When you see the patient, even though she says she can't move, her muscles have tone, and there is no physical finding, or test result that leans toward her having any sort of a paralysis. Now medicine says there is no organic cause of this syndrome.

Does the fact that she "gets better" with IV narcotics mean that IV narcotics are a cure for this mysterious paralysis she has? Or does it mean that there is a psychlogical issue that is "responding" to IV narcotics for other reasons.

Now I'm not claiming you're getting high off of antibiotics. I'm claiming that your responding to antibiotics isn't necessarily evidence that you have a bacterial infection.

Besides the possible straight psychological aspect, antibiotics aren't the "magic bullets" we portray them as, they have other physiologic effects. Penicillins and macrolides, for example, (and under some specific circumstances) also have some anti-inflammatory properties.

There is still more to "see".

There is still more to "see".

See, that right there is the problem. You (and people like you) keep telling us that there is something to see. We ask you to show us this wonderful/horrible/mystical thing, and you show us a big pile of nothing.

Believer (B): "It's dragon poop! Isn't it wonderful??"
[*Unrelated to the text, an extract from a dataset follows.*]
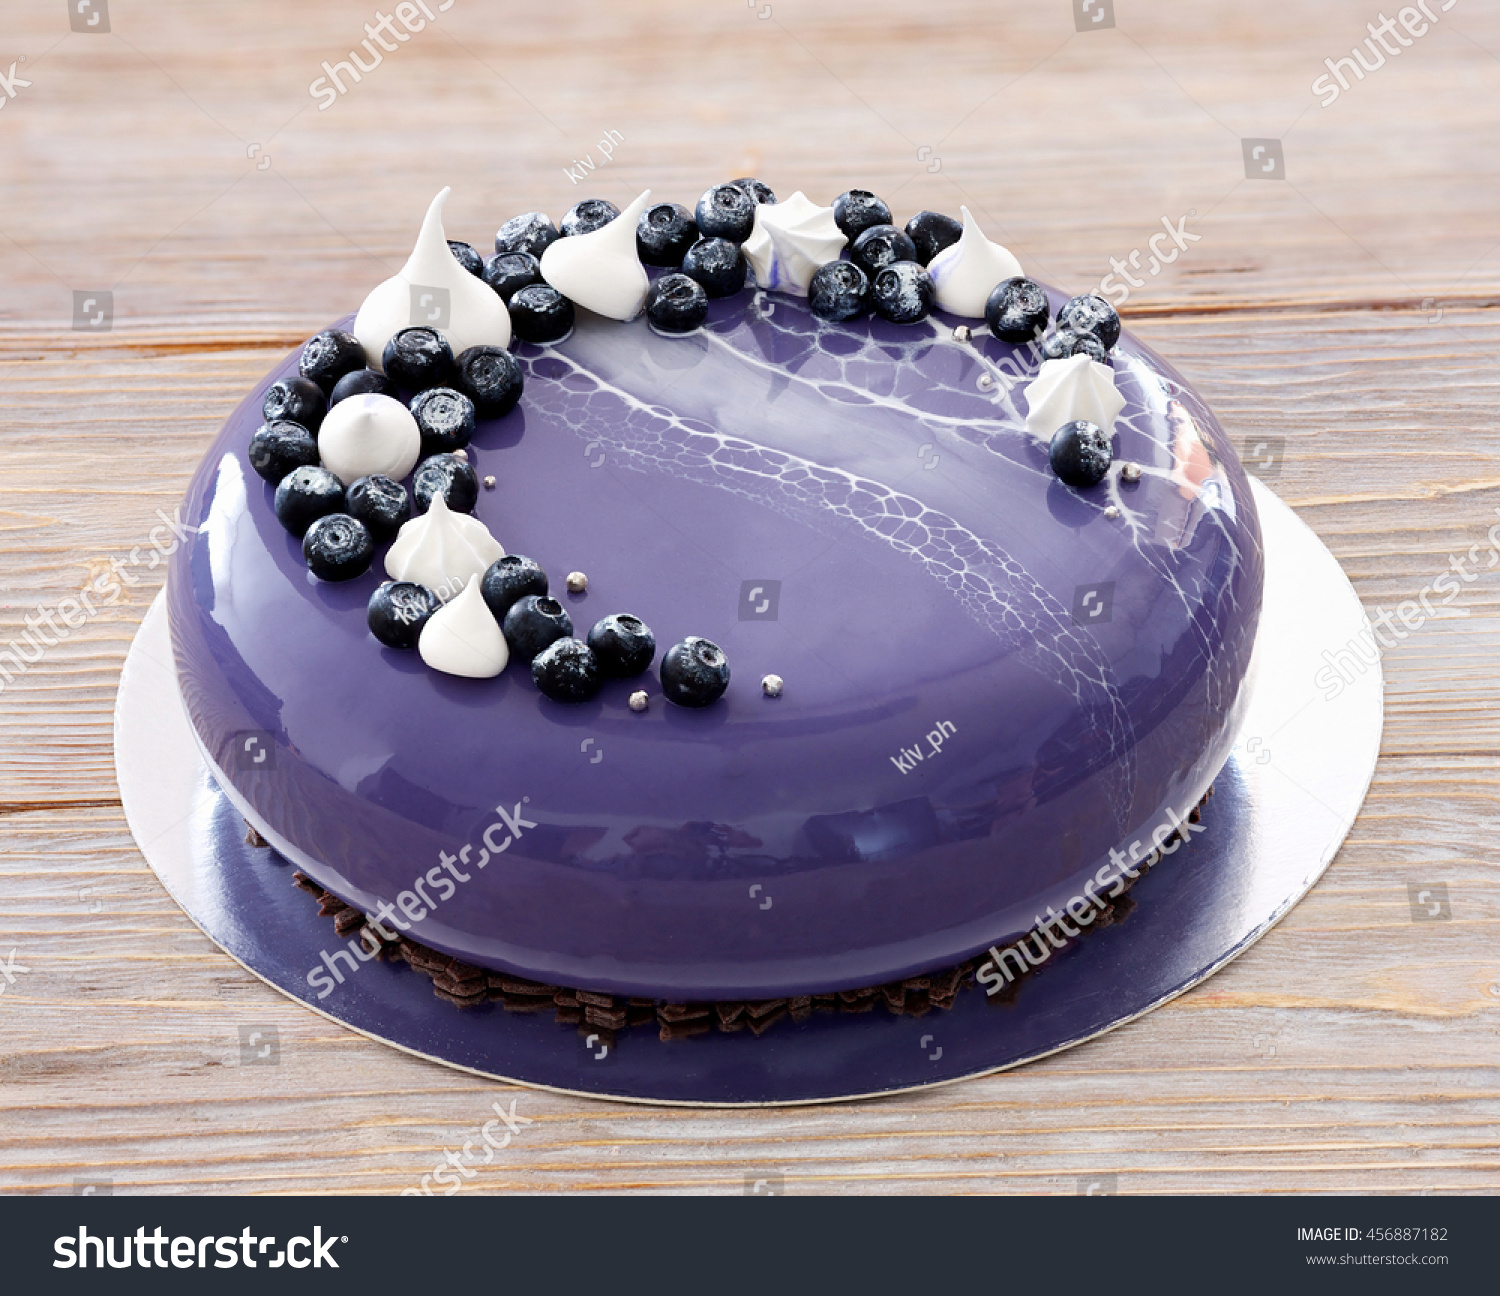 Lemon-Blueberry Bundt Cake | My Baking Addiction

Skeptic (S): "Um... no. That's just a dirt clod."

B: "No! It's dragon poop! A dragon pooped it!"

S: *poking it with a stick* "No... that's just dirt. With some leaves mixed in... and a worm. Lumbricus rubellus apparently. No dragons."
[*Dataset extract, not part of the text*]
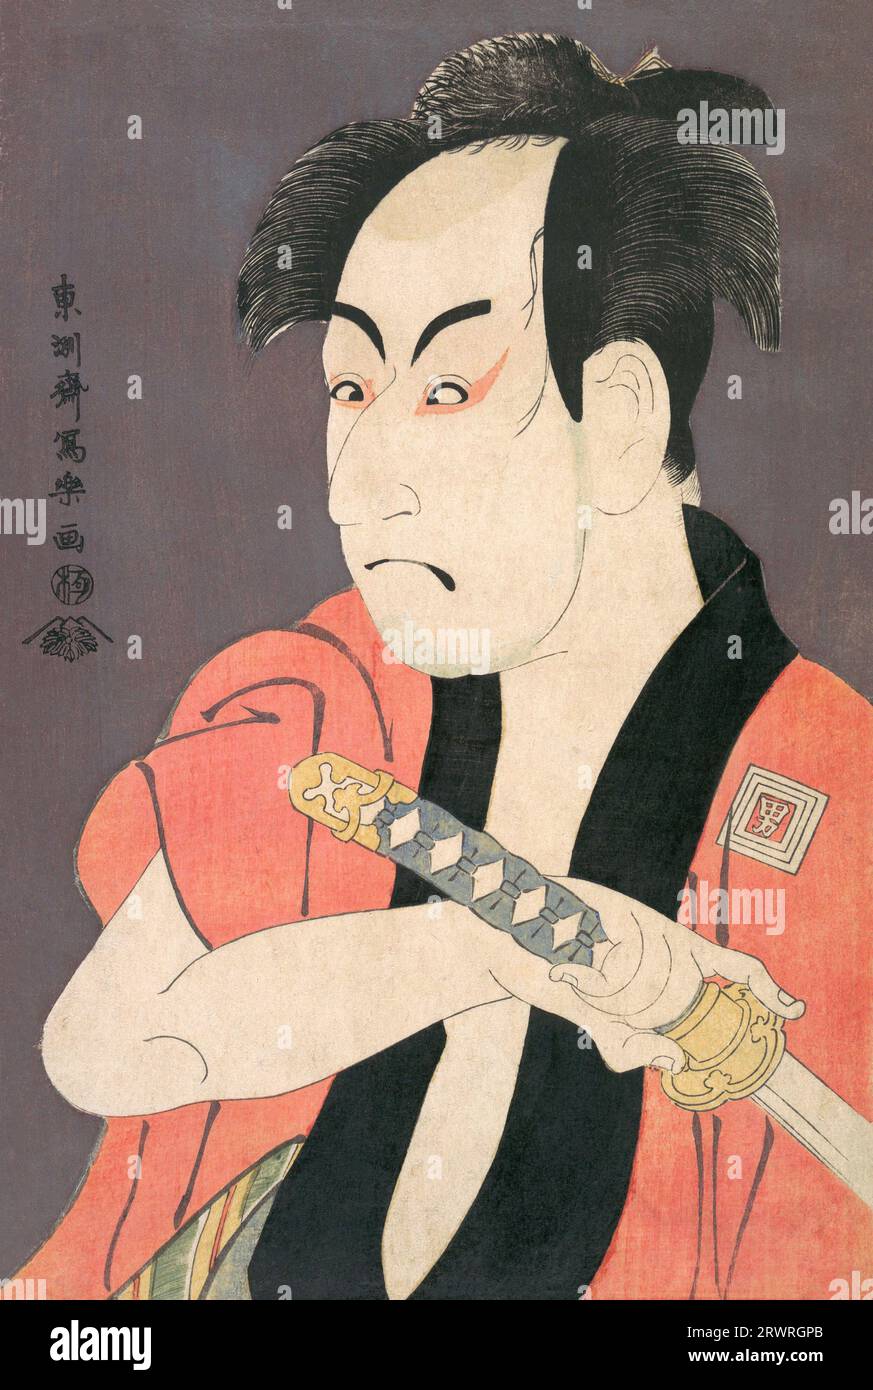 Japón: El actor de Kabuki Ichikawa Omezou en el papel de Yakko Ippei. Grabado en madera Ukiyo-e por Toshusai Sharaku (1770 - 1825), c. 1794. Tōshūsai Sharaku es ampliamente considerado como uno de los grandes maestros de la impresión en madera en Japón. Poco se sabe de él, además de sus huellas ukiyo-e; ni su verdadero nombre ni las fechas de su nacimiento o muerte se conocen con certeza. Su carrera activa como artista de madera parece haber abarcado solo diez meses en el período Edo de mediados de la historia japonesa, desde mediados de 1794 hasta principios de 1795. Foto de stock

B: "A worm! See! It must be a baby dragon!!"

S: "No. Just a common earthworm. Just common dirt. And it appears that someone dug it up with a small shovel and put it here."

B: "No! It's dragon poop! Why are you so closed-minded?!?"

S: "As a matter of fact, there's a small garden shovel right there in your pocket. With dirt still on the handle. And your hands are dirty. You dug this clump of dirt up and put it here, didn't you?"

B: *increasingly hysterical* "No!! I told you, it's dragon poop! I saw the dragon myself! Why don't you believe me! Look!!! It's right behind you!!!"

S: *turns to look* "No, that's a squirrel. And a rather small, bedraggled specimen at that. Looks like a dog's been chasing it. Now, back to this dirt..."

B: "No! You just hate me! You're mean! You see the dragon, but you just don't want to admit it! You're working for the anti-dragon company!"

S: *shaking head sadly* "Okay... I have to go, um, over there now. Bye."

B: "Why won't anyone BELIEVE me?!?!?!"

You claim there is more to see, but we've *SEEN* dirt. And you never offer anything else.